Loneliness could be changing your brain and body - pseudolus
https://www.cnet.com/news/how-loneliness-could-be-changing-your-brain-and-body/
======
sprusemoose
had a breakdown from loneliness which wasn't a fun time. Something flipped a
switch and it felt like system1 shut off system2 for like 4-5 days... Went on
a rollercoster ride of pure emotional/reactionary cause and effect[Thinking
fast and slow]. Lucky I didn't blow my brains out, I think if I had been
treated worse or I had been a worse human I might have.

anyway now that I've brought everyone down~... the upside is it made me
realize how important the different ways of being happy are!
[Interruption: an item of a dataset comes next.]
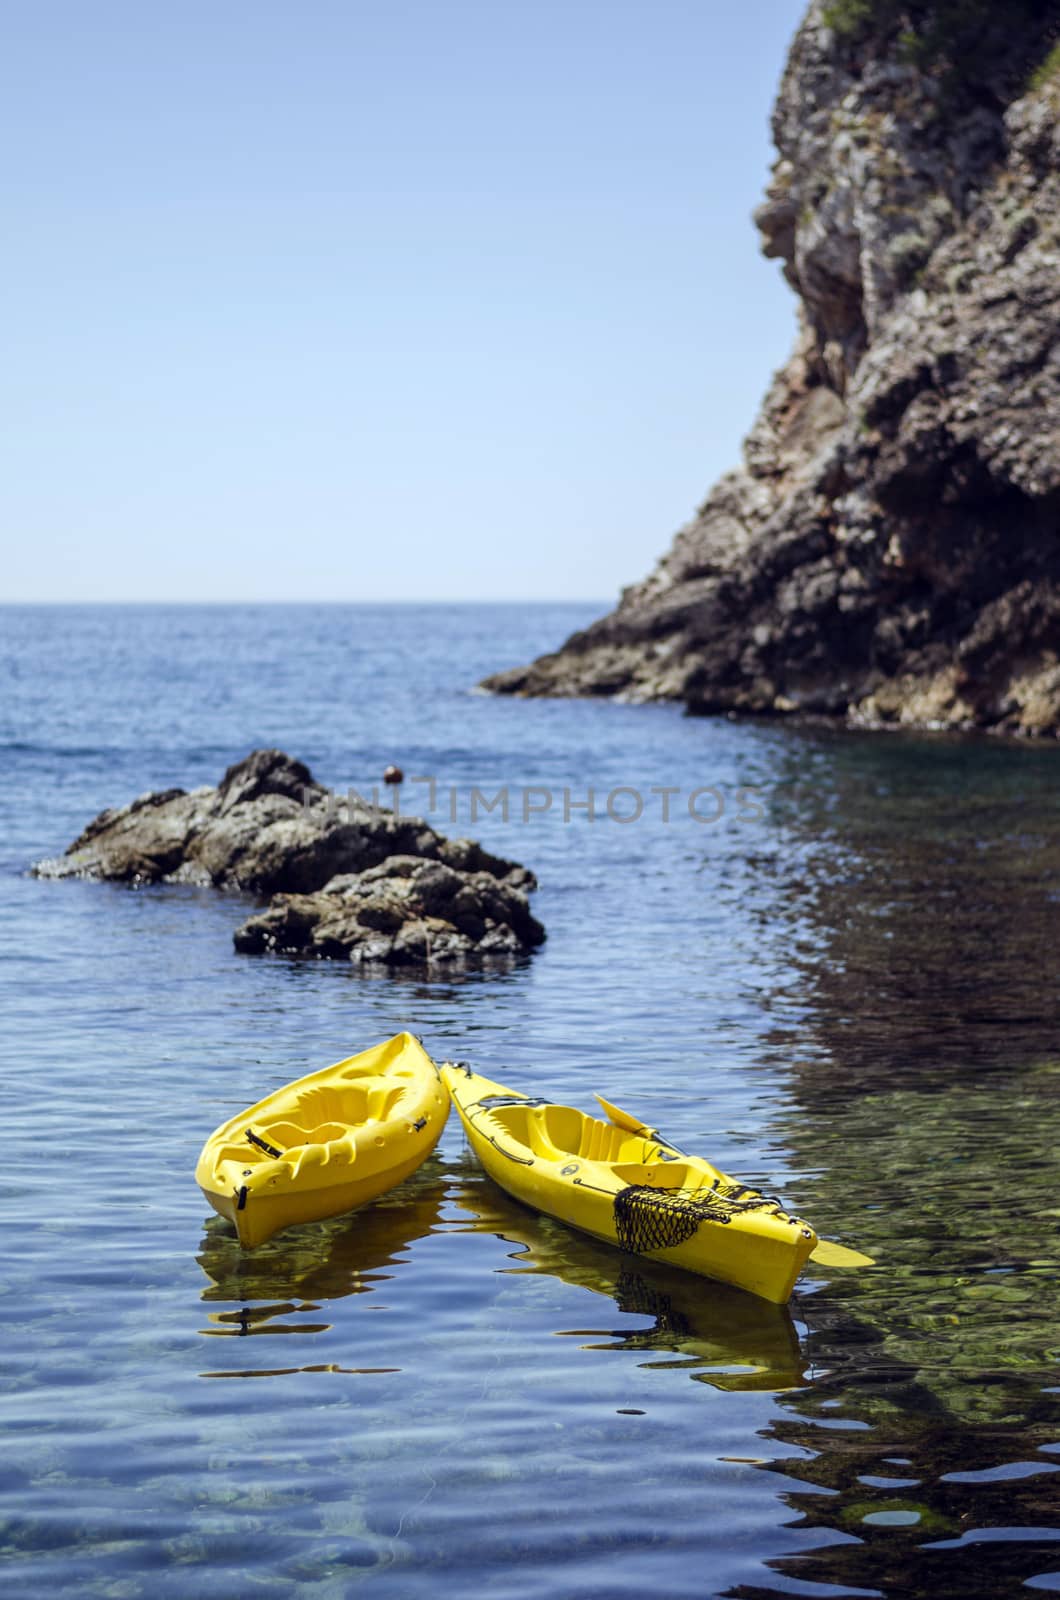 Pair of canoes at the cliffy seashore near Dubrovnik, Croatia.
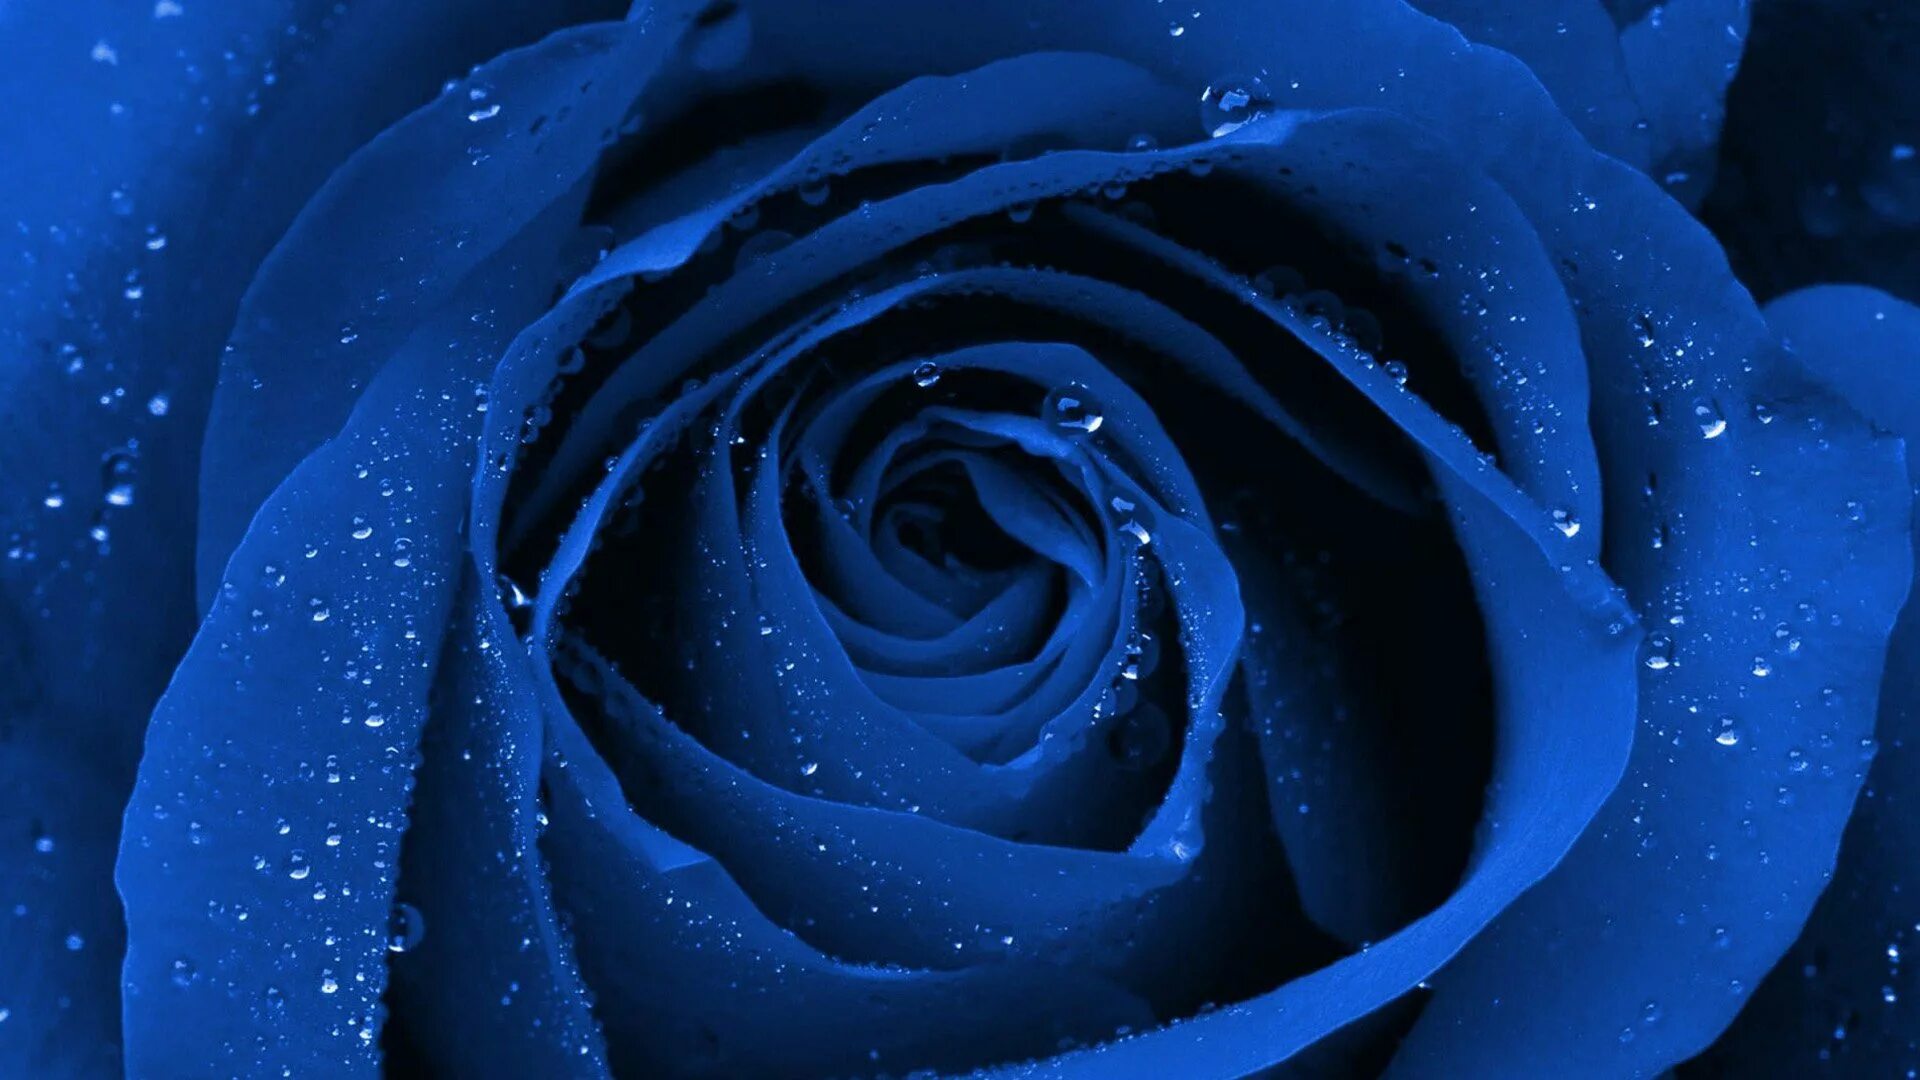 Синий раз. Синяя роза. Синие розы хд. Голубая роза красивая с каплями. Красивые синие розы обои.

Not just focusing
on other people, not just focusing on myself, not just focusing on what's
pragmatic, not just focusing on feeling good in the moment, having happiness
in being dominant, having happiness from being submissive etc etc

Previously most of my happiness had come from masculine internal thinking
[Carl Jung] type activities.. understanding the world, formulas for making
money, formulas for how things work, making myself better etc.. So I drew a
matrix of different types of happiness and went from there..

eg: Feminine external feeling: Latin Dancing

(Feminine in my meaning being 'equal' vs masculine (dominant/submissive)

Not the smartest dude here, not putting this on anyone, just thought I'd
share~